Ph.D
Group :
Dense matrix computations: communication cost and numerical stability
Starts on 01/10/2009
Advisor : GRIGORI, Laura
Funding : contrat doctoral du Ministère
Affiliation : Université Paris-Saclay
Laboratory : LRI - GRAND LARGE
Defended on 11/02/2013, committee :
Nicholas Higham (Rapporteur), Professeur, School of Mathematics, the University of Manchester
Yves Robert (Rapporteur), Professeur, Ecole Normale Supérieure de Lyon
Iain Duff (Examinateur), Professeur, the University of Strathclde
Yannis Manoussakis (Examinateur), Professeur, Université Paris Sud
Jean-Louis Roch (Examinateur), Maître de Conférences, IMAG
Laura Grigori (Directeur de thèse), Directeur de Recherche, INRIA
Research activities :
Abstract :
This dissertation focuses on a widely used linear algebra kernel to solve linear systems, that is the LU
decomposition. Usually, to perform such a computation one uses the Gaussian elimination with partial
pivoting (GEPP). The backward stability of GEPP depends on a quantity which is referred to as the
growth factor, it is known that in general GEPP leads to modest element growth in practice. However
its parallel version does not attain the communication lower bounds. Indeed the panel factorization represents
a bottleneck in terms of communication. To overcome this communication bottleneck, Grigori
et al [60] have developed a communication avoiding LU factorization (CALU), which is asymptotically
optimal in terms of communication cost at the cost of some redundant computation. In theory, the upper
bound of the growth factor is larger than that of Gaussian elimination with partial pivoting, however
CALU is stable in practice. To improve the upper bound of the growth factor, we study a new pivoting
strategy based on strong rank revealing QR factorization. Thus we develop a new block algorithm for
the LU factorization. This algorithm has a smaller growth factor upper bound compared to Gaussian
elimination with partial pivoting. The strong rank revealing pivoting is then combined with tournament
pivoting strategy to produce a communication avoiding LU factorization that is more stable than CALU.
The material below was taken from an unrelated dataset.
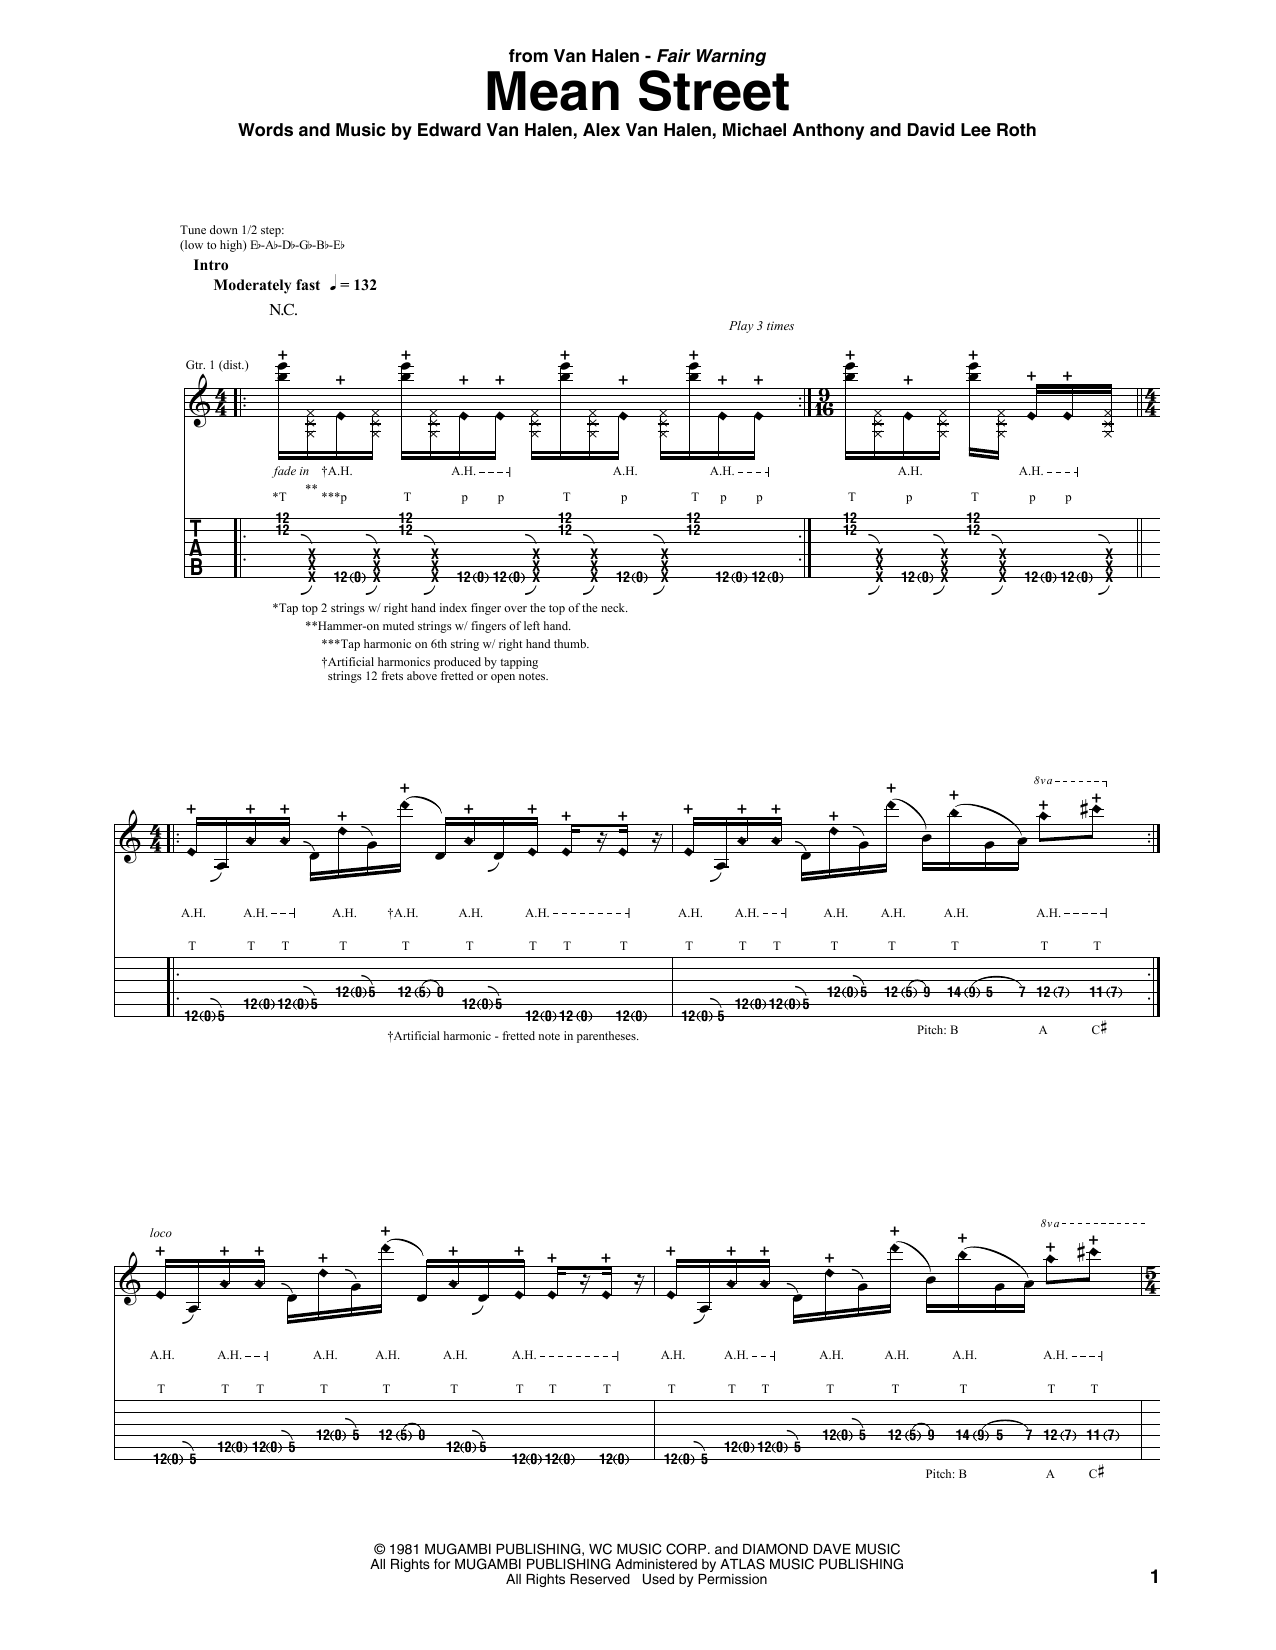 Van Halen Mean Street Sheet Music Notes & Chords for Guitar Tab - Download or Print PDF
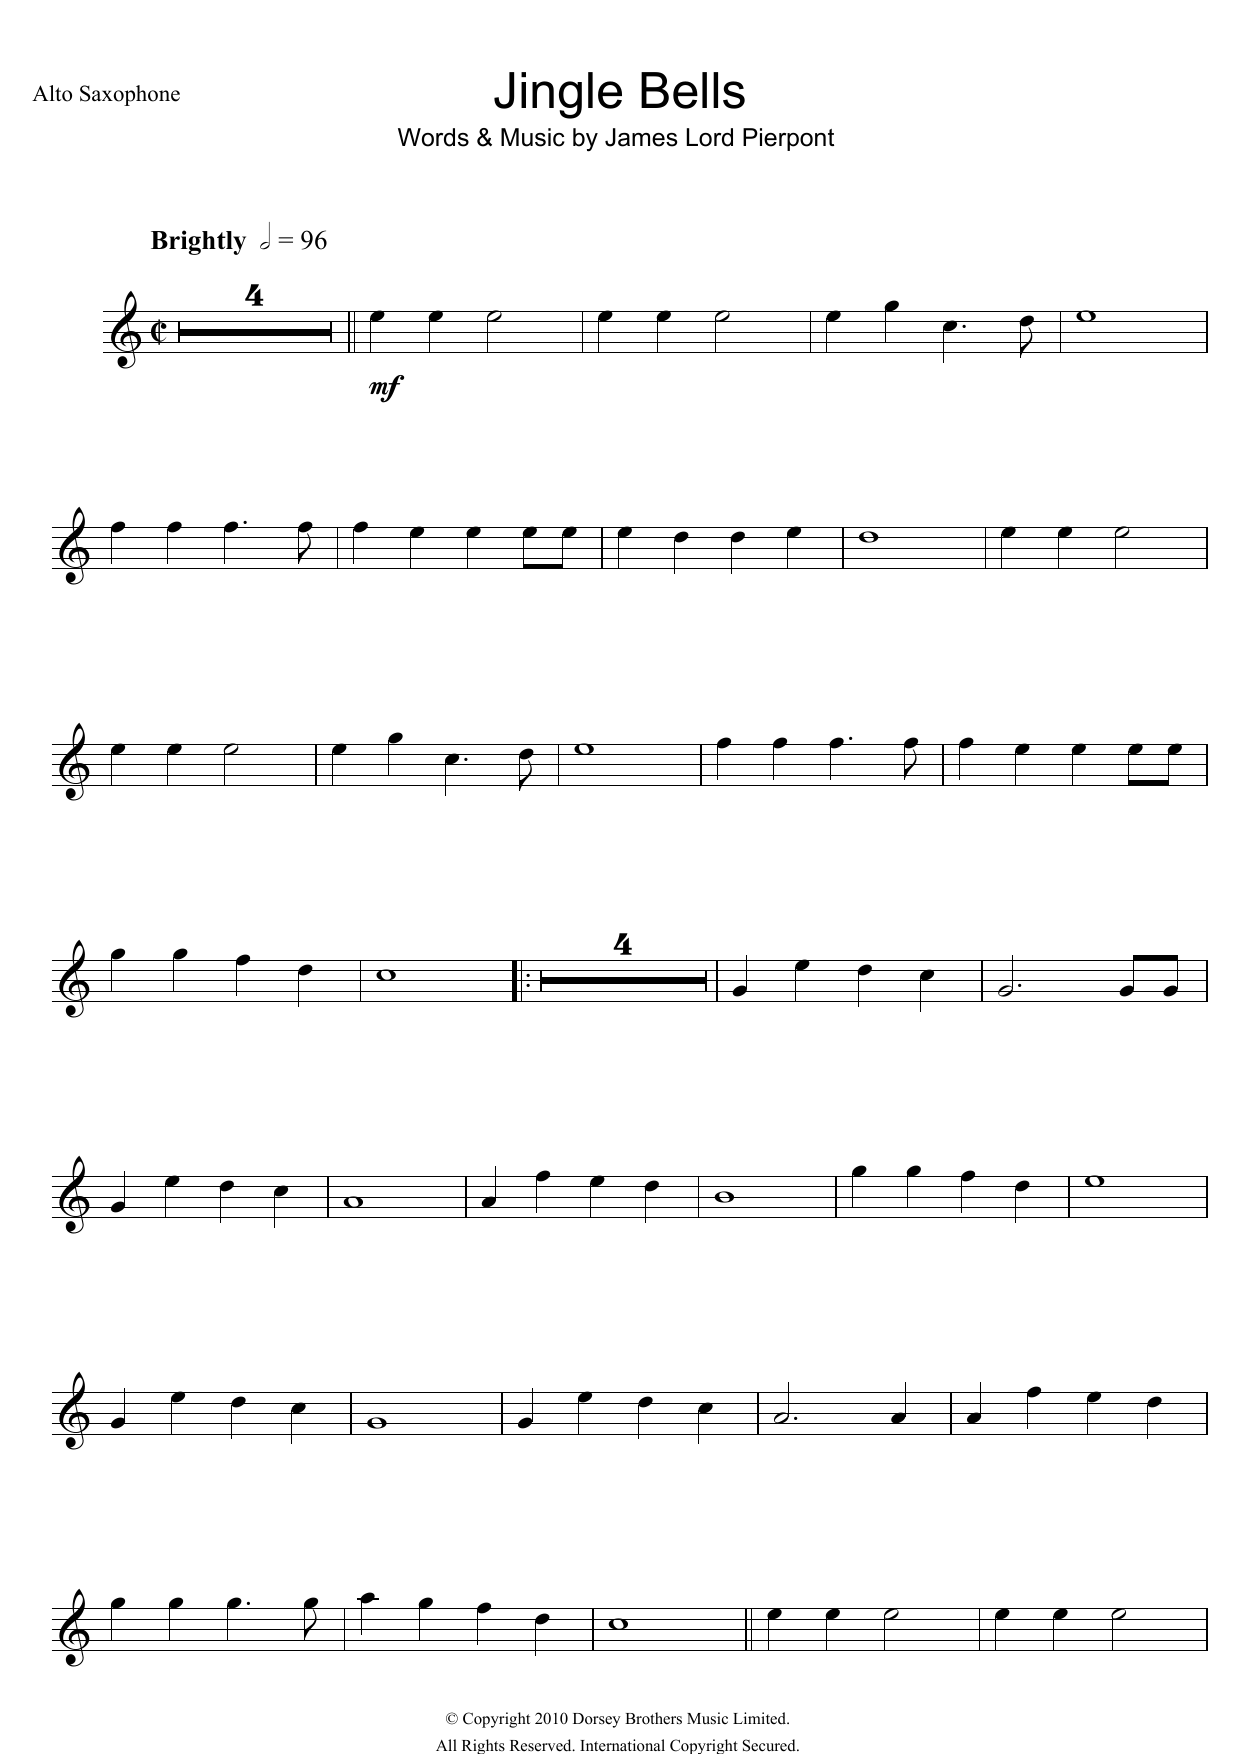 Traditional Carol Jingle Bells Sheet Music Notes & Chords for Violin - Download or Print PDF

For hierarchical systems, multiple levels of parallelism are available. However, none of the previously
cited methods fully exploit these hierarchical systems. We propose and study two recursive algorithms
based on the communication avoiding LU algorithm, which are more suitable for architectures with
multiple levels of parallelism. For an accurate and realistic cost analysis of these hierarchical algorithms,
we introduce a hierarchical parallel performance model that takes into account processor and
network hierarchies. This analysis enables us to accurately predict the performance of the hierarchical
LU factorization on an exascale platform.